Akademik Veri Yönetim Sistemi
PHYSICA STATUS SOLIDI - RAPID RESEARCH LETETRS, cilt.2025, sa.2500197 , ss.1-9, 2025 (SCI-Expanded)
Herein, Cu2BaSnSe4 (CBTSe) thin films are fabricated via a two-stage process combining spin coating and thermal evaporation, followed by rapid thermal annealing at selenization temperatures of 525, 550, and 575 °C. Cu–Ba–Sn precursor films are prepared by spin coating, and a Se-cap layer is deposited by thermal evaporation. Structural, optical, and electrical properties are investigated using X-ray diffraction (XRD), Raman spectroscopy, scanning electron microscope (SEM), energy-dispersive X-ray spectroscopy, photoluminescence (PL), and Van der Pauw measurements. XRD confirms the formation of the hexagonal CBTSe phase, with the largest crystallite size (≈78 nm) at 575 °C. Minor SnSe and Ba–Sn–O secondary phases are also detected.
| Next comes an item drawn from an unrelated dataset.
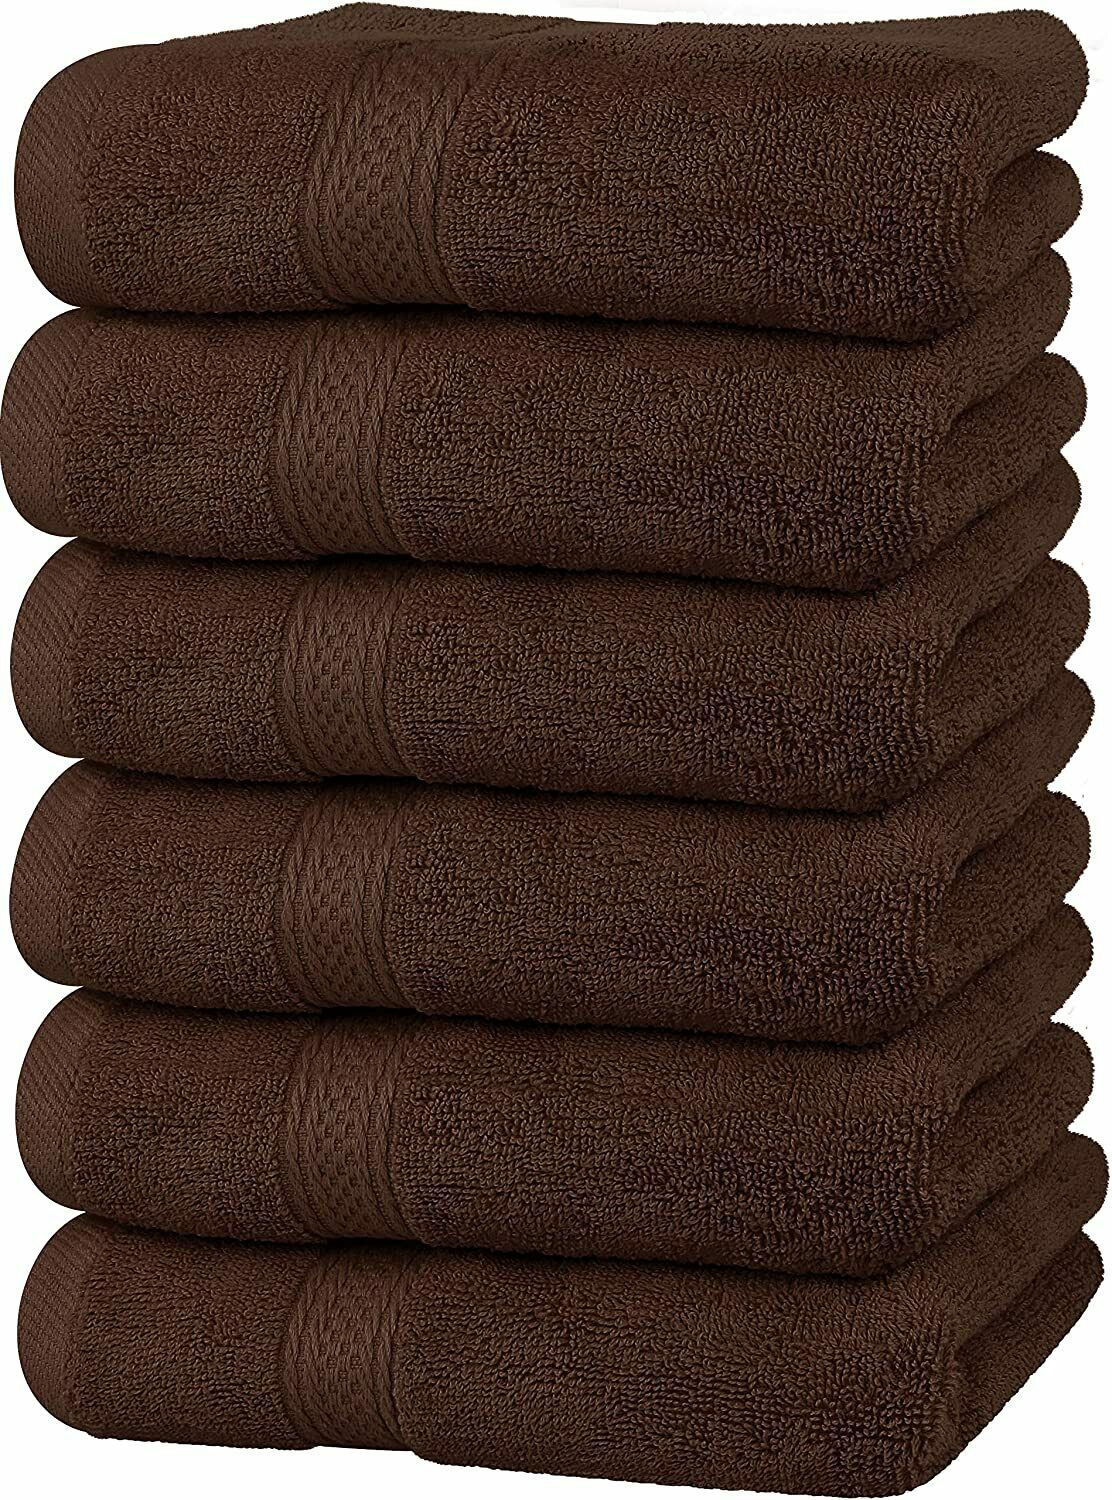 6 Pack Premium Hand Towels 16 X 28 Inches Ring Spun Cotton 600 Gsm Utopia Towels

SEM reveals dense polycrystalline structures with grain growth at higher temperatures. Surface morphology analysis shows that roughness increases from 34.90 nm (525 °C) to 84.30 nm (575 °C), consistent with SEM observations and literature trends indicating grain coarsening at higher annealing temperatures. PL spectra exhibit emission near 1.91–1.93 eV. All films display p-type conductivity with carrier concentrations around 1016 cm−3. Among the investigated samples, the film selenized at 575 °C demonstrates superior crystallinity, enhances optical absorption, increases roughness, and improves electrical performance, making it a promising candidate for high-efficiency solar cell applications.